And is it just a coincidence that DOT/NHTSA has de facto backed Google’s “moon-shot” technological approach for self-driving vehicle fleets that just happens to favor Google’s unique and dominant, cloud-based, map-dependent, machine-learning “artificial intelligence(AI) driver” approach via: a new sweeping  policy statement which states: “For policymakers at all levels, the governing principal should be that technologies with proven, data-supported benefits that would make roads safer should be encouraged,” with a ten-year $4b budget request to subsidize R&D, and with a new NHTSA letter to Google informing it that Google’s AI will be considered the ‘driver’ by the U.S. Government?

Conclusion

Are all these decisions at six different USG Departments and “independent agencies” just a random collection of coincidences, or is this more like the coordinated behavior one would find if there was a “Boss Google” political influence machine that ensured Google’s private interests routinely supplanted the public interest?

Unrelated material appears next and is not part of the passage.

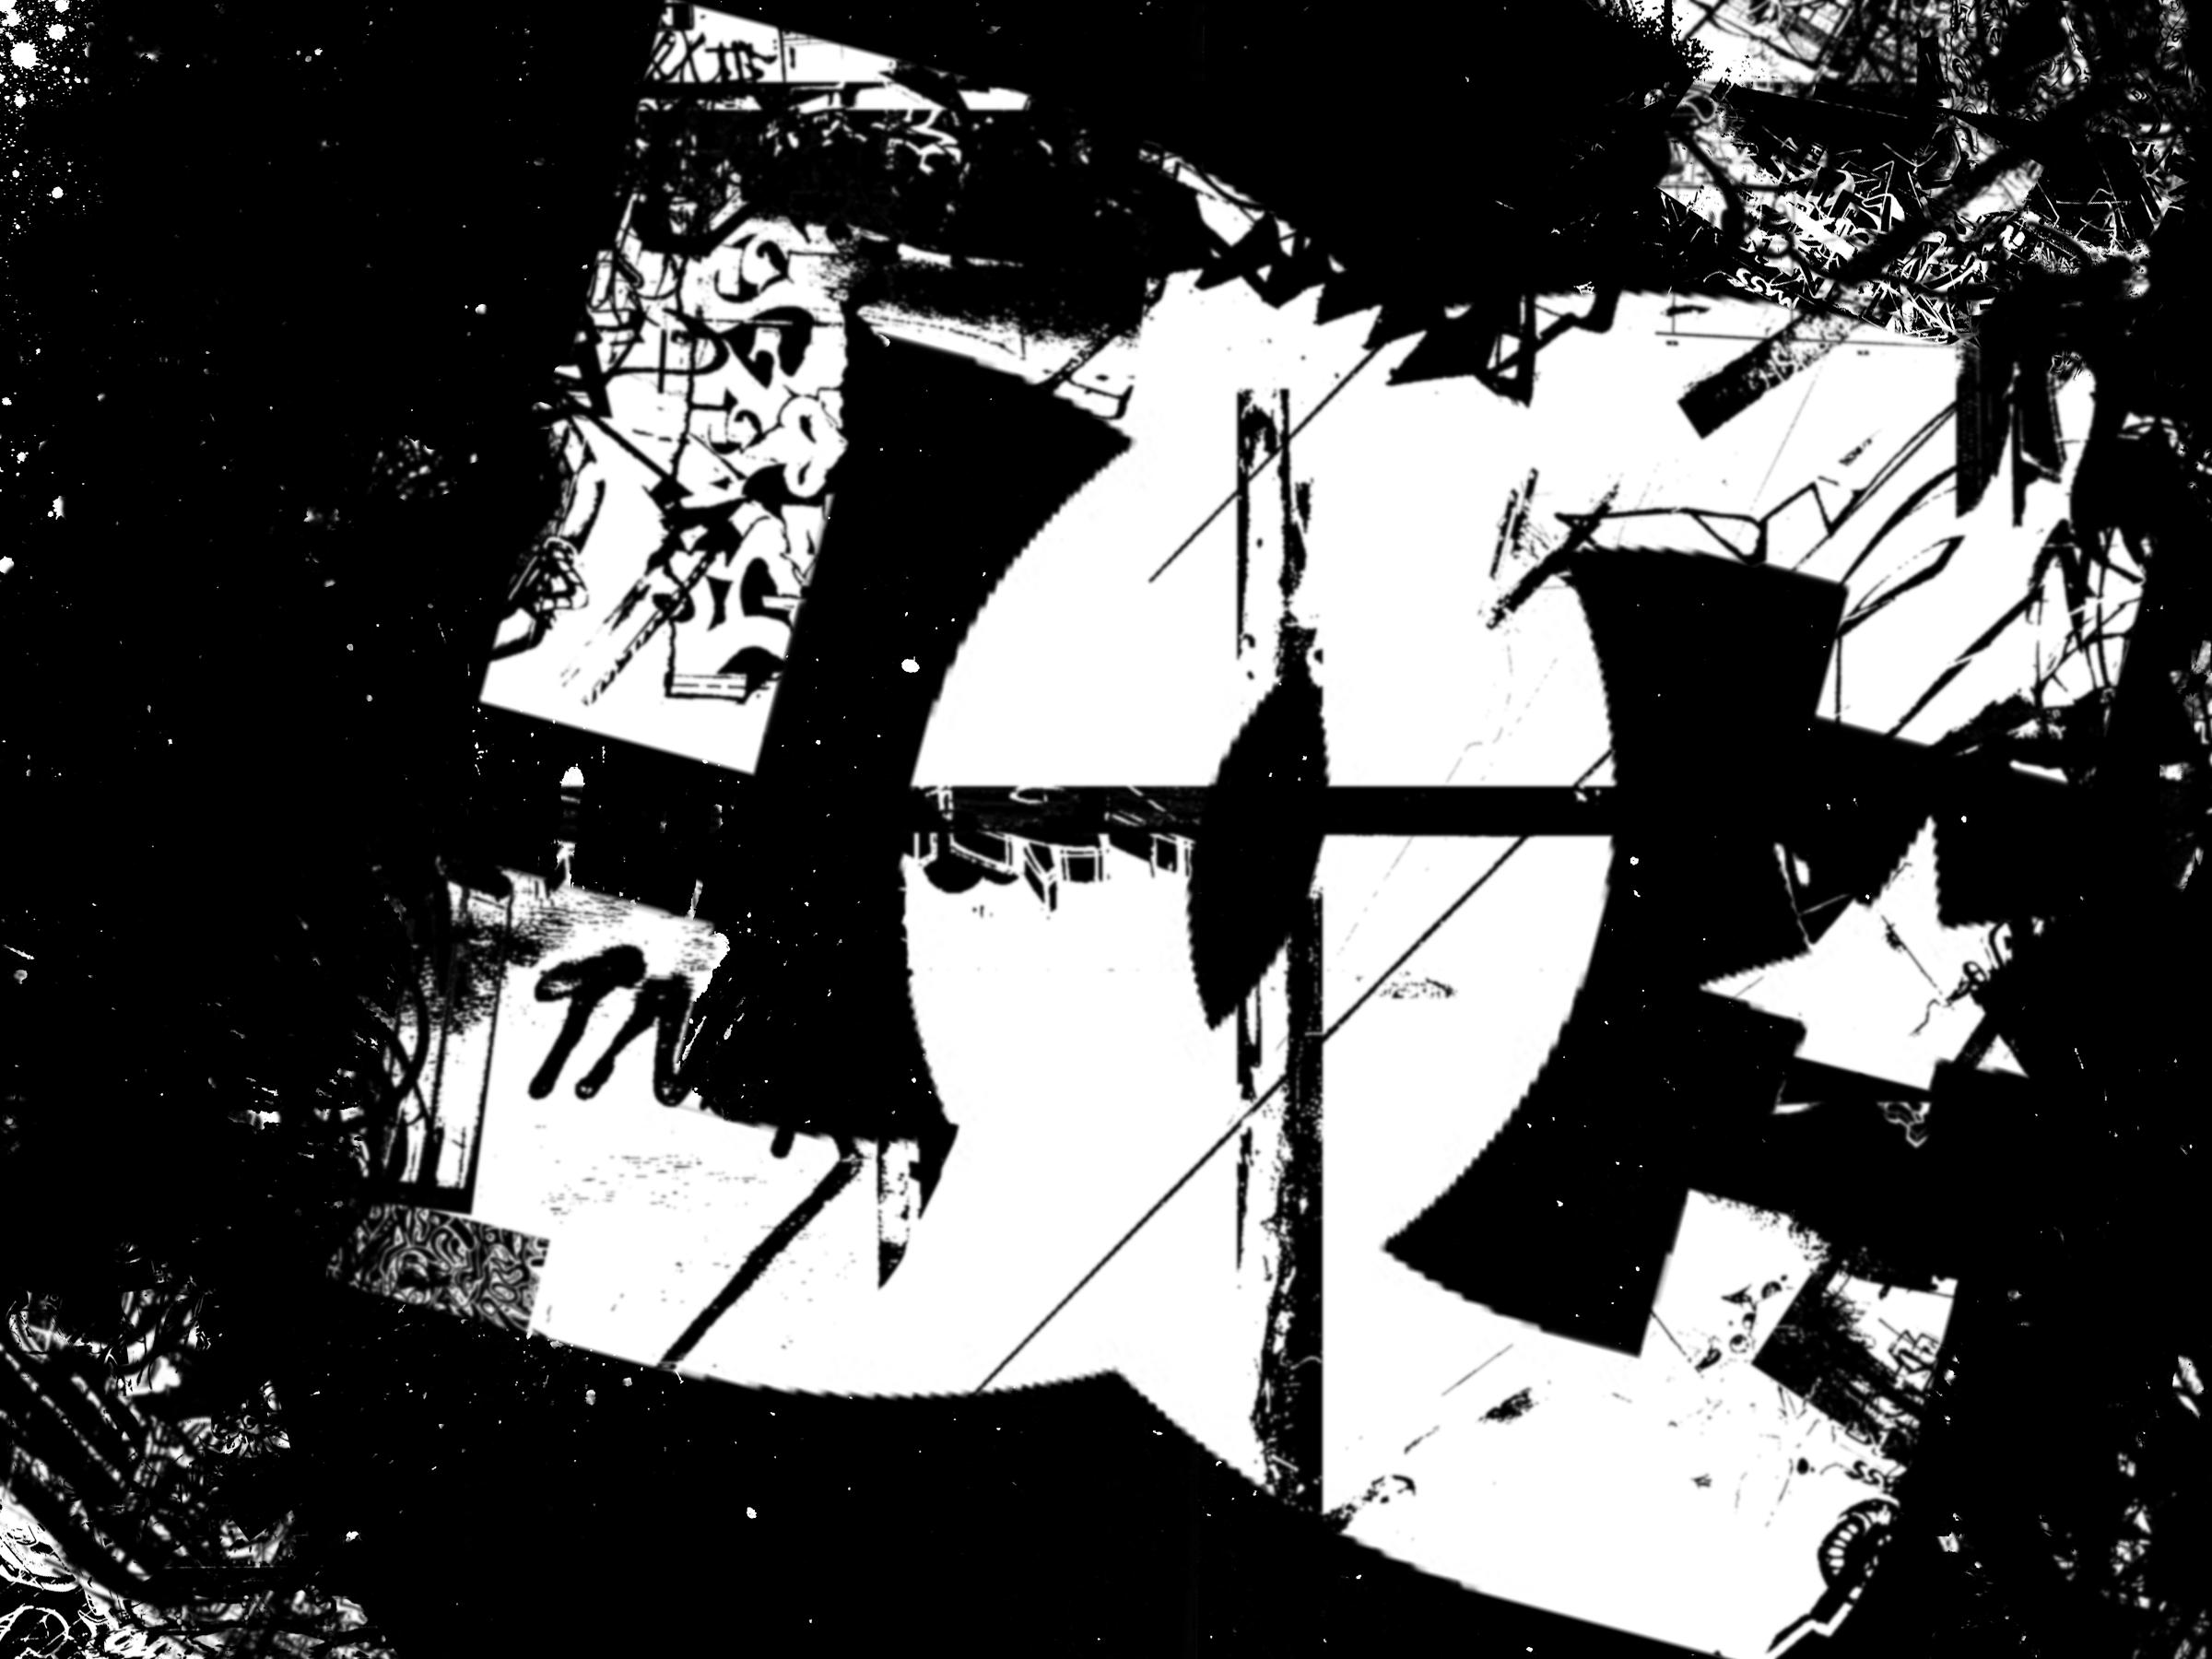 dc shoes logo backgrounds hd Skateboard logo, Skateboard

Could the commercial value of this apparent U.S. Government policy and enforcement favoritism and reputational protection that Google has enjoyed since the 2012 Presidential election total many billions of dollars in ill-gotten revenue and/or market capitalization?

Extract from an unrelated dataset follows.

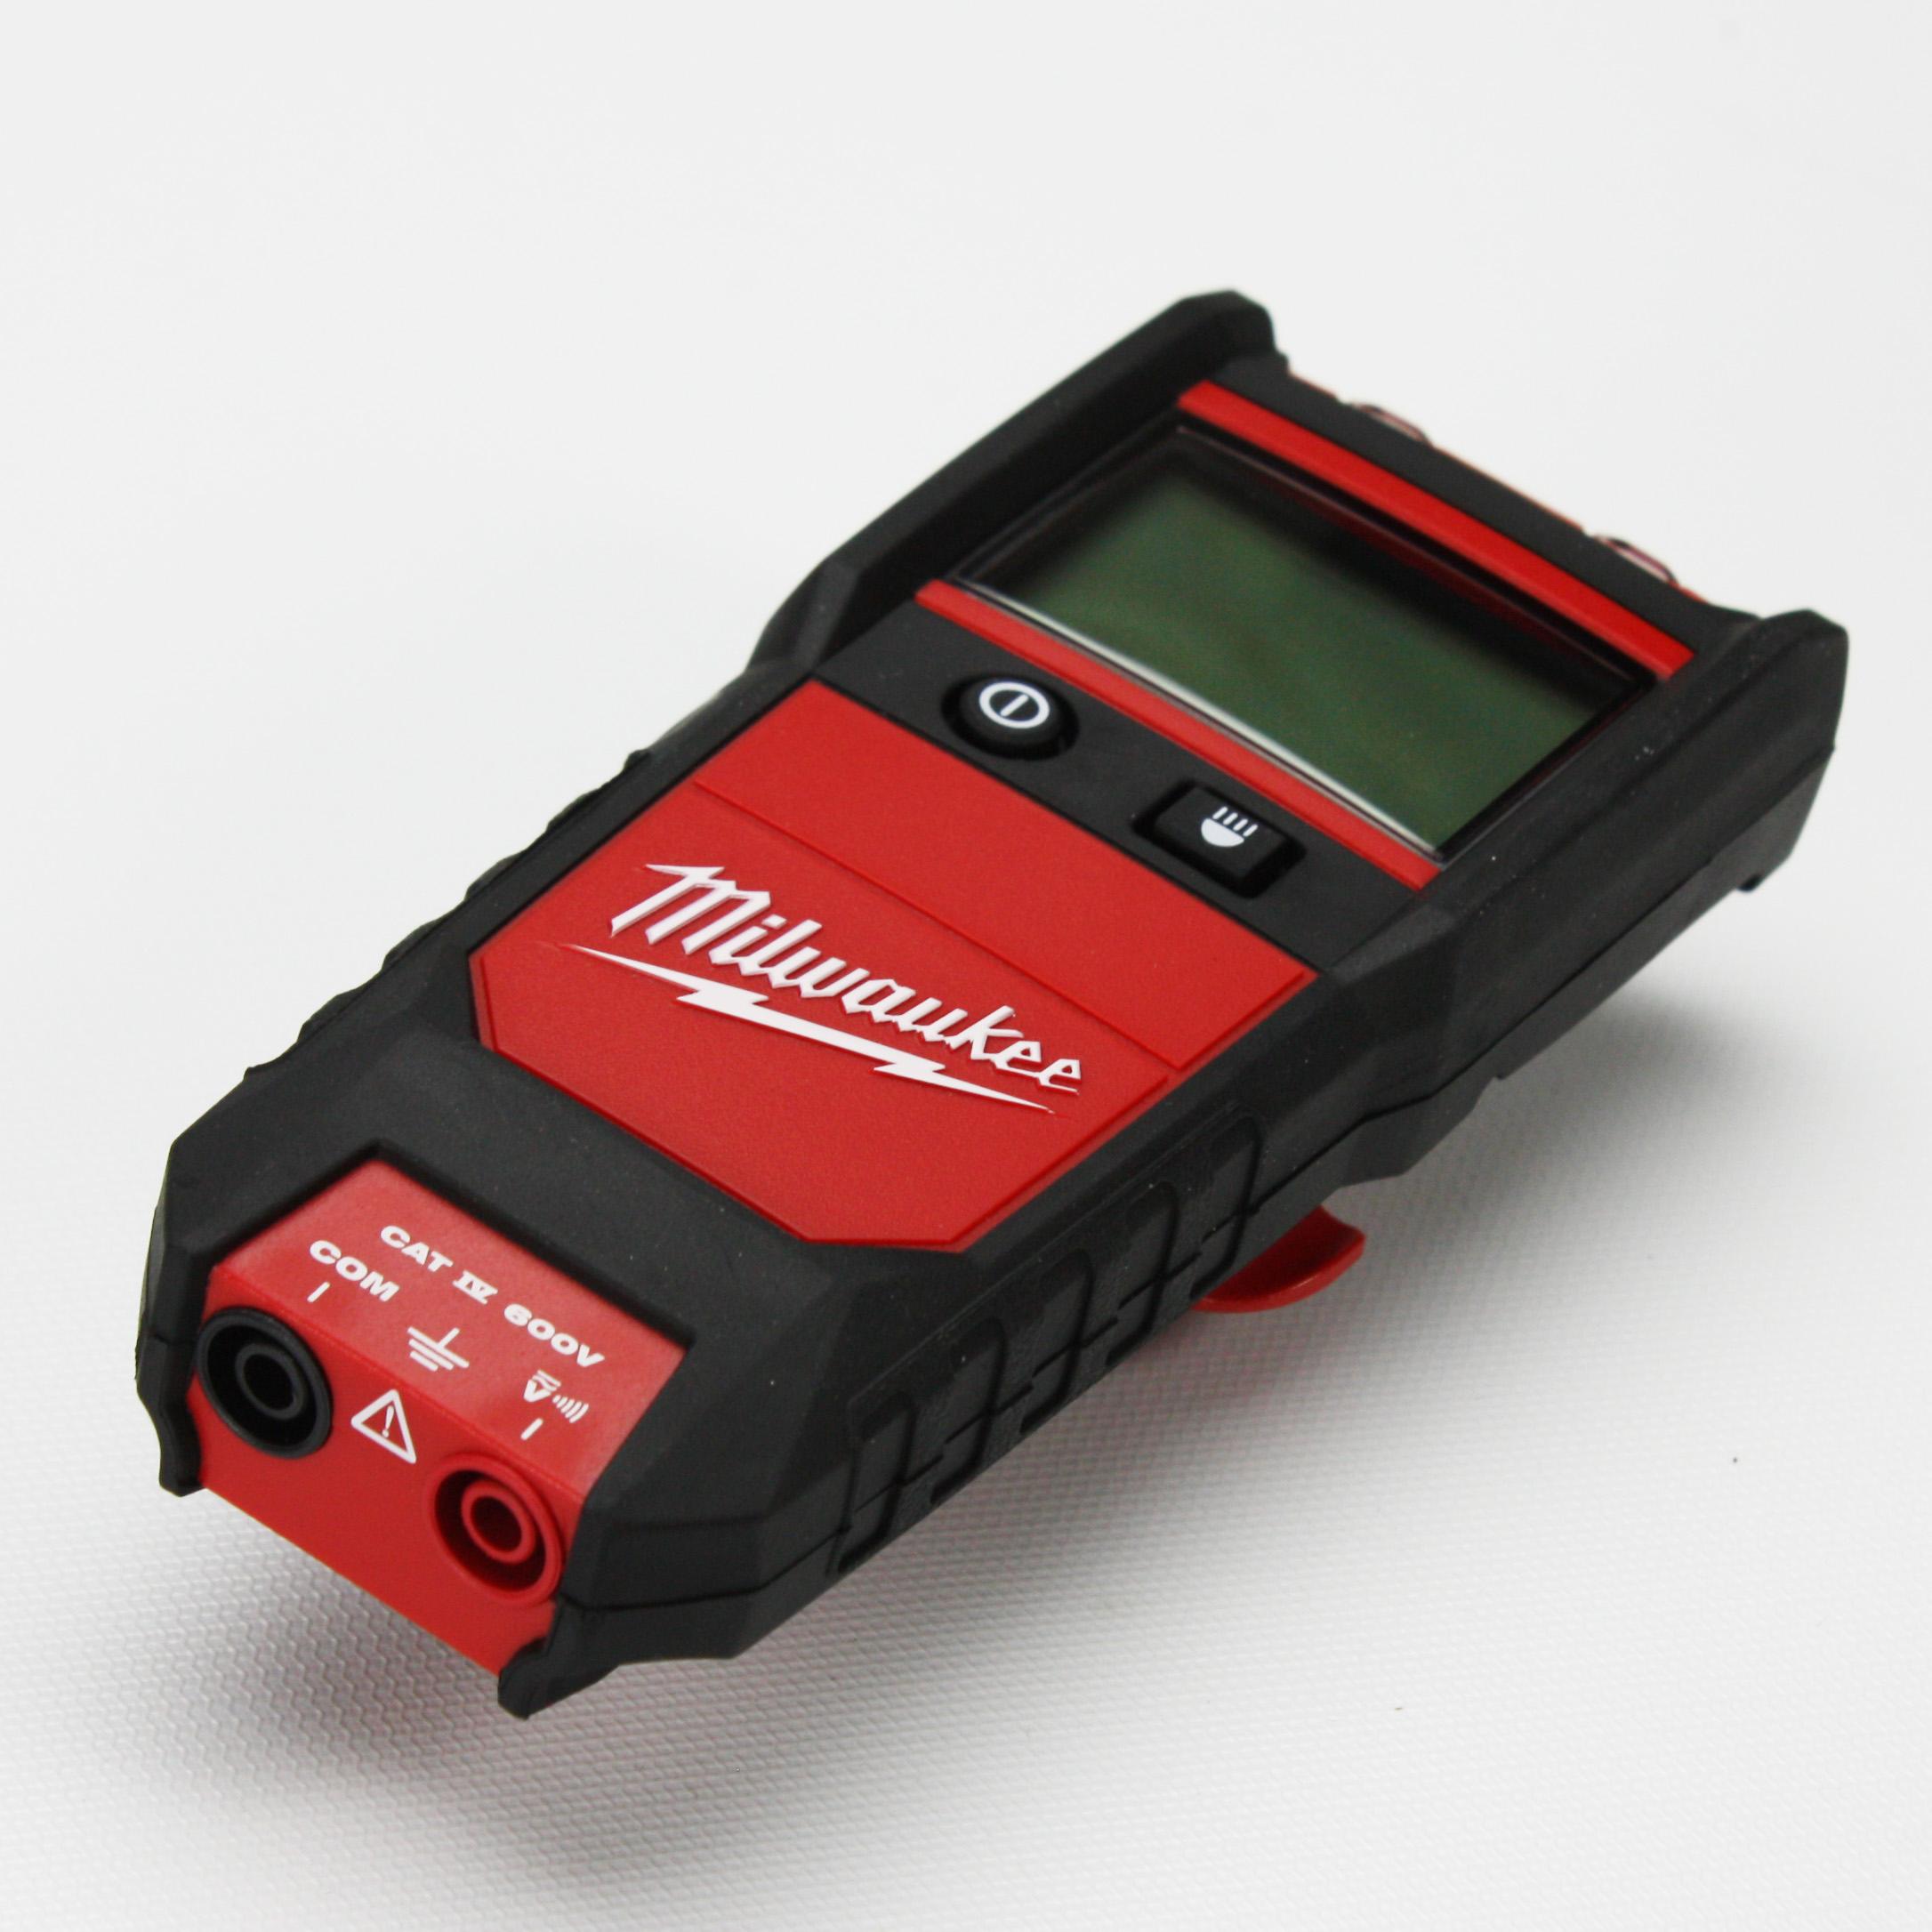 Milwaukee Voltage Tester : Milwaukee auto voltage continuity tester ebay

Simply, is Boss Google’s government goodies graft?

What should foreign governments think of the impartiality/integrity of U.S. Government enforcement decisions, non-decisions, and policies that benefit Google?

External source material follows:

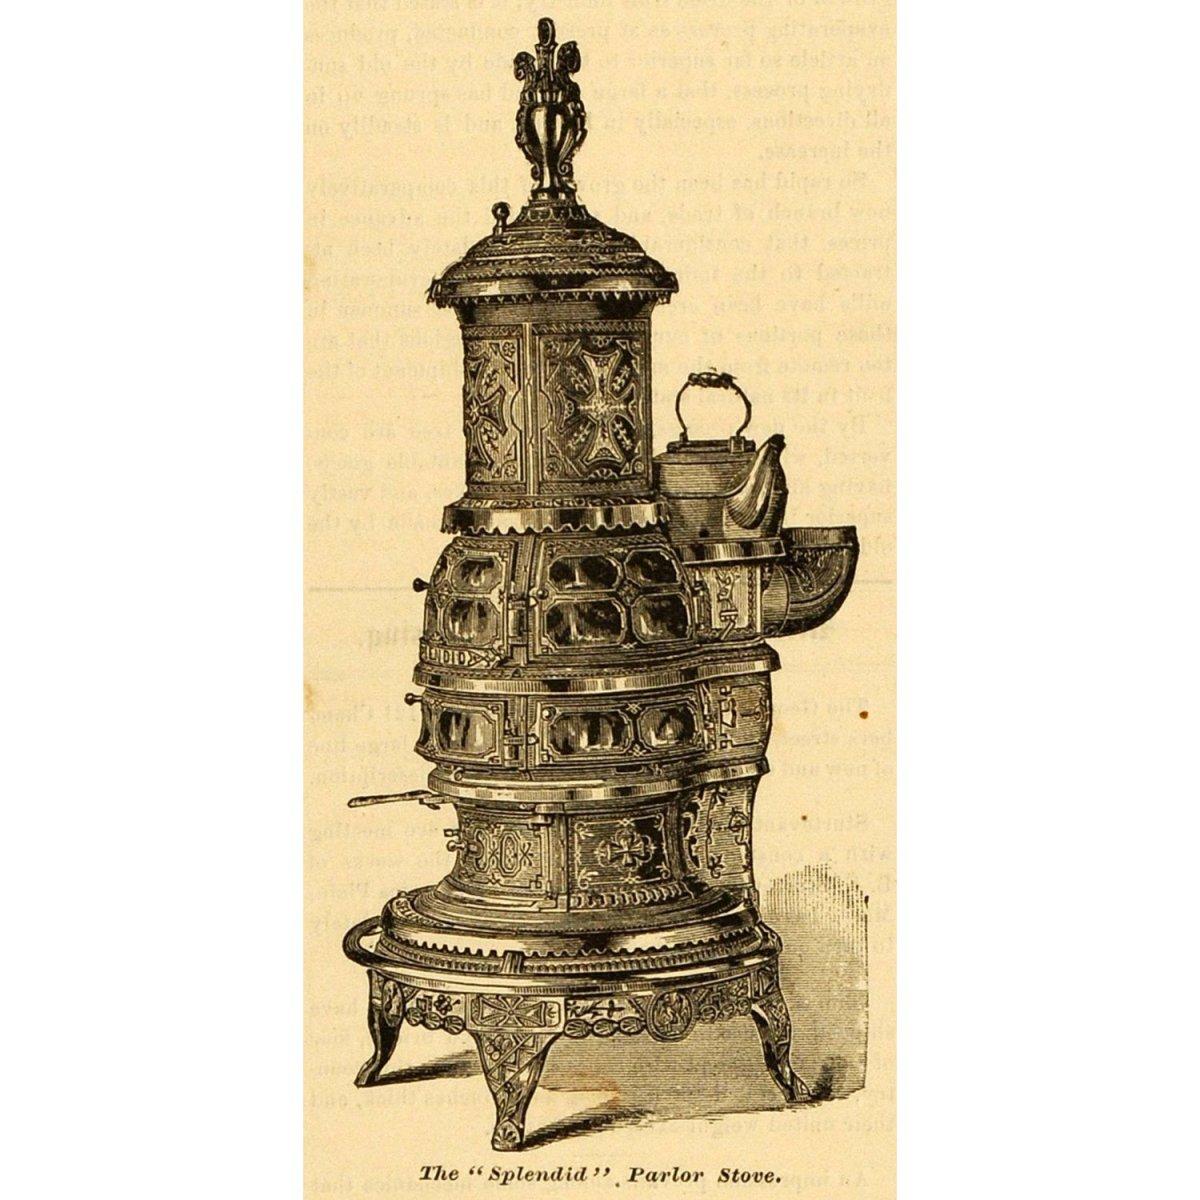 1881 Print Antique Splendid Parlor Stove Design Fuller Warren Co Troy New York

Lastly, if the press, Inspectors General, law enforcement, and Congressional overseers do not investigate Google’s apparent extraordinary private influence over the U.S. Government’s decisions, what would that say about the fear Boss Google and its political influence machine stokes, and about whether Americans can expect the U.S. Government to impartially administer justice and operate with integrity regarding Google? 

With all these questions, don’t we need answers?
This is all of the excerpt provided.